Le 20 octobre dernier, les ouailles du ministre de la Fonction publique, Julien Yombouno, ont annoncé une nouvelle qui a rempli d’aise, de bonheur et de tout ce qui titille le cœur, l’immaculée âme des jeunes Guinéens. Ils ont annoncé d’heureuses perspectives depuis longtemps perdues.

La bonne parole qui sonne le glas de la désespérance et des douloureuses nuits cafardeuses, mortifères pour les mouflets du pays, est tout simplement celle du recrutement d’une cuvée de jeunes fonctionnaires, frais moulus dans l’université nationale et d’ailleurs. La résonance particulière du message s’explique par la rareté du recrutement général et massif.

Depuis belle lurette, l’époque du PREF et du dégraissage de la Fonction publique, la République a cessé de recruter ses enfants sortant de l’école. Chiche, elle a trié sur le volet, par moments, quelques élus ou privilégiés par la famille ou l’amitié, laissant en rade des milliers d’autres. L’exemple des contractuels de l’enseignement est un cas d’école. Ces contractuels sont aujourd’hui la chienlit de ceux qui nous gouvernent tant leur cri d’orfraie et leurs gesticulations leur ôtent le sommeil et perturbent leur quiétude.

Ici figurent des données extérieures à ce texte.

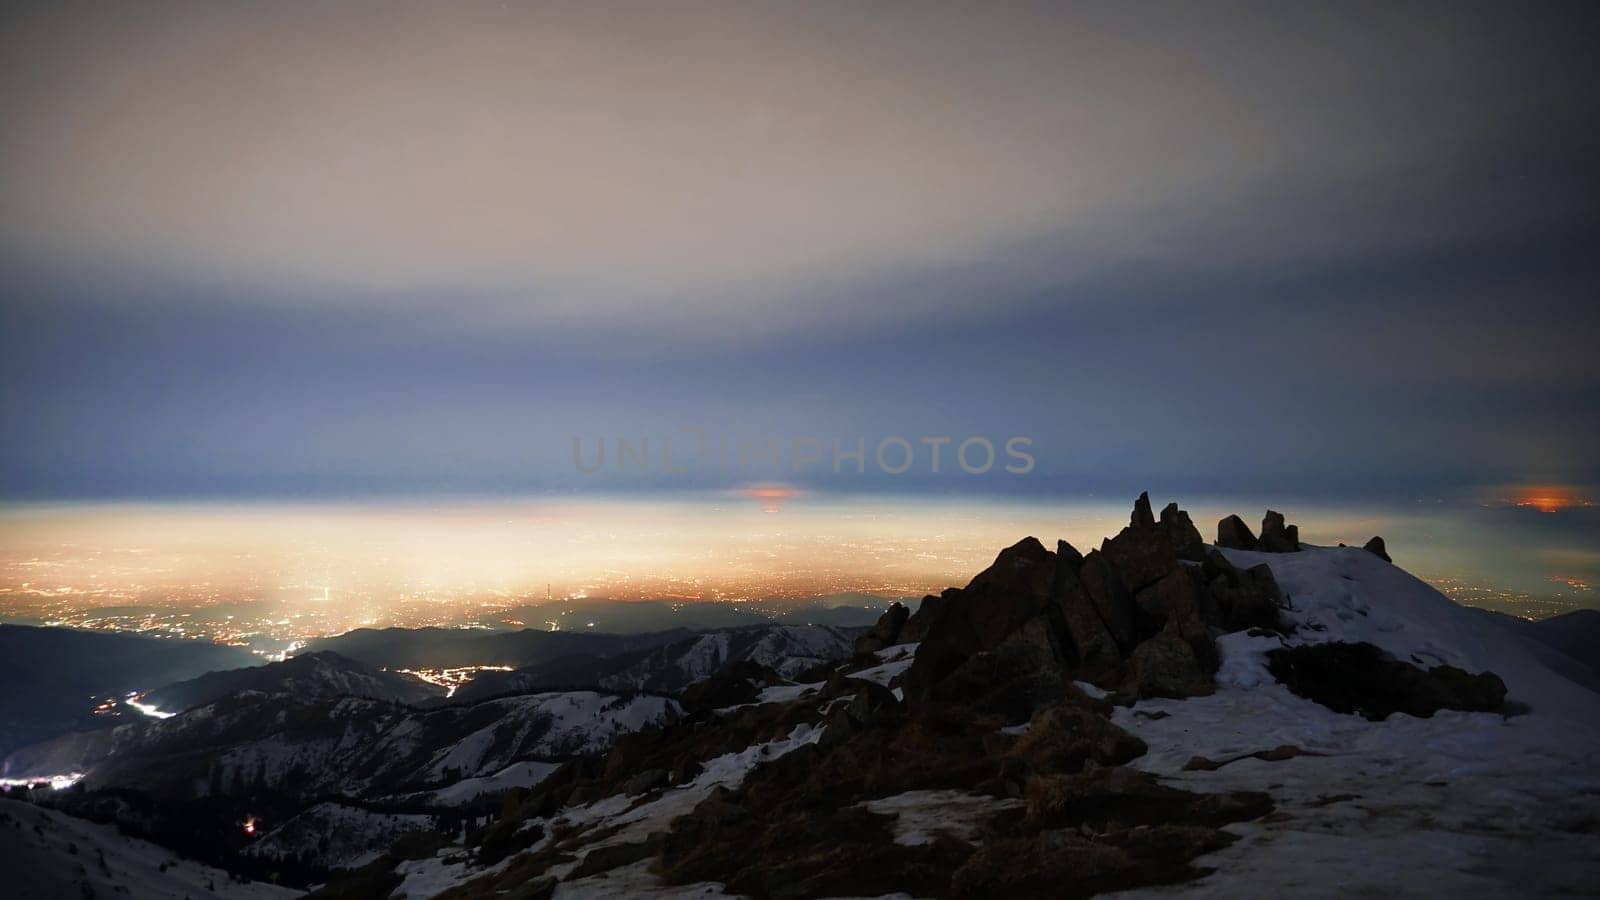 View of the night city from the snowy mountains by Passcal

Si la République a, durant des décennies, très peu embauché refilant à un secteur privé léthargique en apnée, fuyant sa fonction régalienne de mettre au travail sa jeunesse, de valoriser son capital humain, elle n’a cessé pour autant de multiplier de manière quasi exponentielle ses écoles, collèges, lycées et universités. Pire, la formation dispensée par ces établissements d’enseignement technique et professionnel en nombre encore insuffisant n’est pas en adéquation avec le marché de l’emploi, notamment dans le secteur privé. L’étroitesse de ce marché depuis de nombreuses années a exacerbé le chômage, en particulier celui des jeunes. Voilà pourquoi l’annonce du recrutement d’environ 16 000 nouveaux fonctionnaires a suscité beaucoup d’émoi et de frénésies au sein des chômeurs que la précipitation de la phase préparatoire a en partie contrariés. Par exemple, l’accès à l’application permettant l’inscription a parfois posé quelques petits problèmes aux candidats dans les premiers jours. Ce qui a été à l’origine de grosses frayeurs. Heureusement que le savoir-faire et le talent des informaticiens du coin ont permis d’atténuer rapidement le hic.

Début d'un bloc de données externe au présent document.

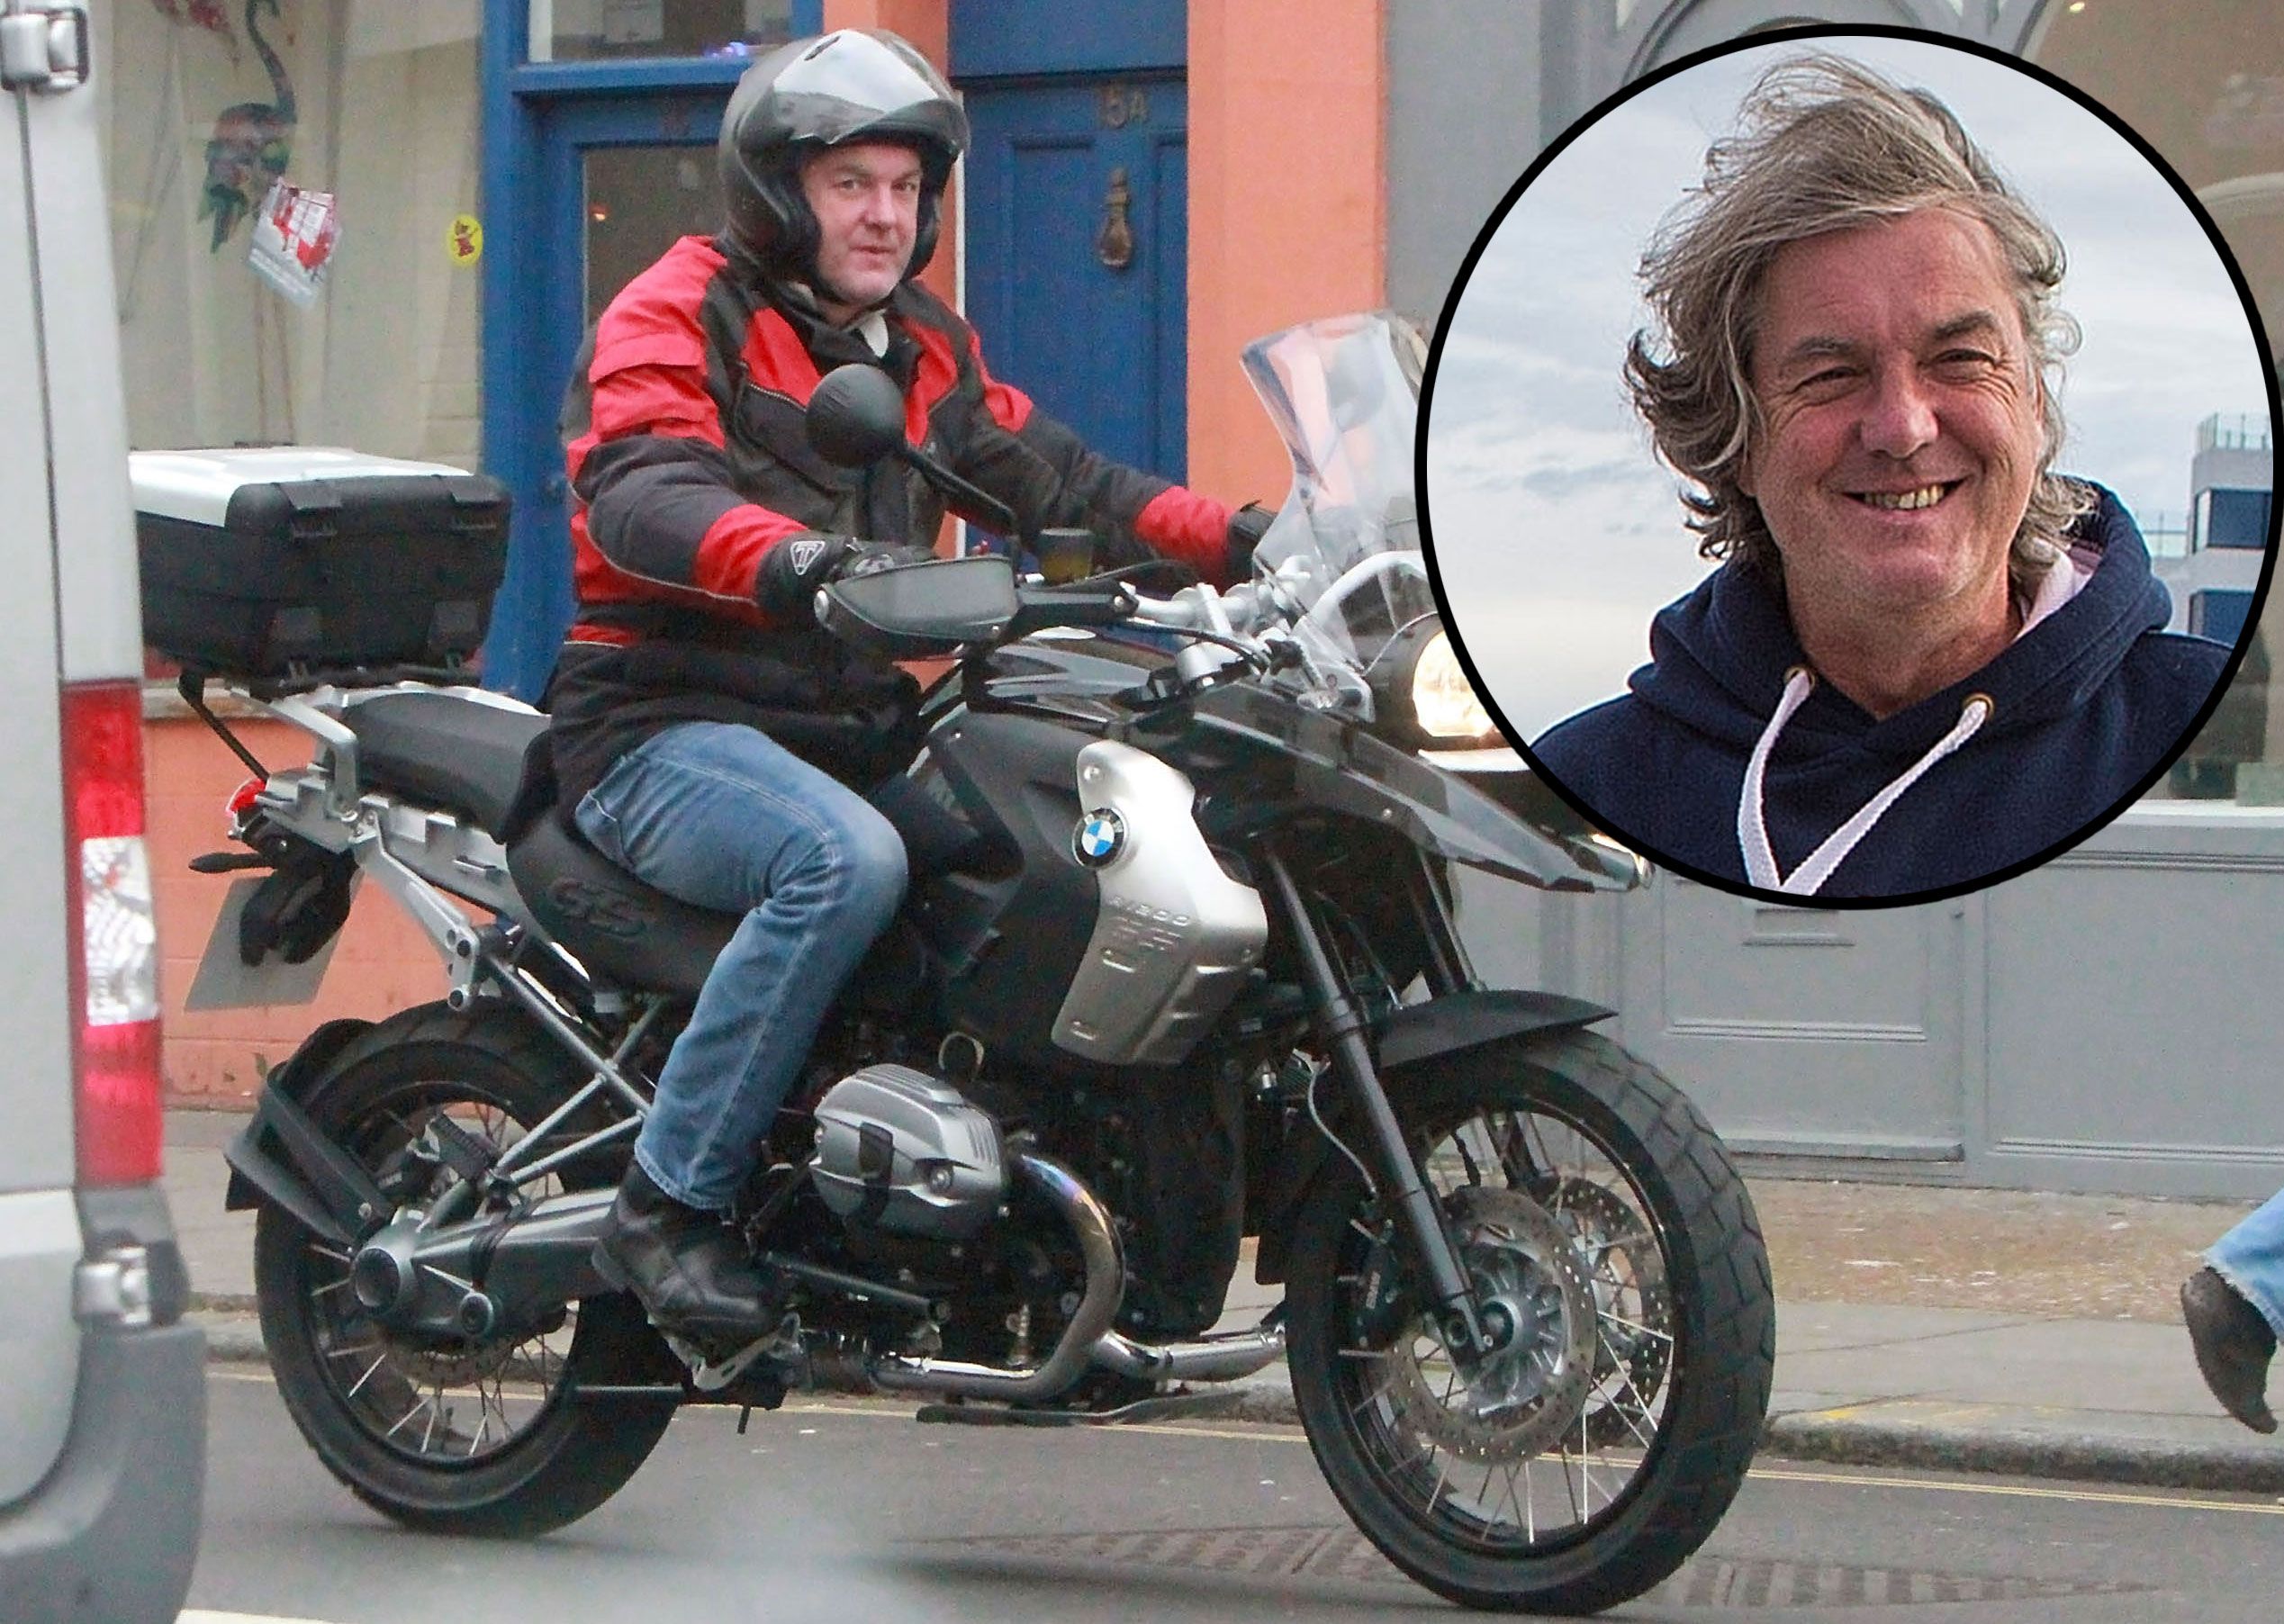 45++ Astonishing James may motorcycle model ideas in 2021

Toutefois, le péril informatique est loin d’être la seule difficulté à laquelle se heurte cette initiative. Comme toujours, en pareil circonstance, des petits malins logés dans les interstices de l’administration ont trouvé là l’opportunité de faire du business. Des fonctionnaires véreux n’ont pas hésité à monnayer, contre espèces sonnantes et trébuchantes, les services pour lesquels l’Etat les rémunère. Çà et là, la délivrance normalement gracieuse de la carte d’identité, du certificat de nationalité, du casier judiciaire etc., ont coûté les yeux de la tête aux demandeurs. Certains ont déboursé, dit ont, la bagatelle de 100 000 à 300 000GNF pour posséder ces précieux sésame. L’arnaque a été si grosse que les autorités de la transition notamment le Garde des Sceaux, Ministre de la Justice et des Droits de l’Homme ont mettre le holà et réduire le nombre de documents requis.

En dépit de ces couacs, le Ministère du Travail et de la Fonction publique a déjà enregistré plus de 34 000 candidatures, alors qu’il n’est envisagé qu’une offre de 16 000 postes à pourvoir. Jugez-en le gap ! L’écart peut encore s’accroître, les inscriptions se poursuivant. Cet épisode est un indicateur du caractère massif du chômage des jeunes mais aussi des adultes dans notre bled, surtout que sous les tropiques, la ligne de démarcation entre ces catégories démographiques n’est pas souvent claire mais plutôt floue, sinueuse.

En tout état de cause, la lutte contre le chômage des jeunes est depuis longtemps une forte préoccupation des autorités guinéennes, même si le résultat demeure encore mitigé. Quoiqu’il puisse être considéré comme une bouffée d’air pour nos braves jeunes en quête d’emplois décents, ce recrutement est loin d’être une panacée dans cette lutte. L’expérience montre que sans un secteur privé dynamique et robuste, il est illusoire de croire que l’Etat peut mettre au travail une masse critique de jeunes.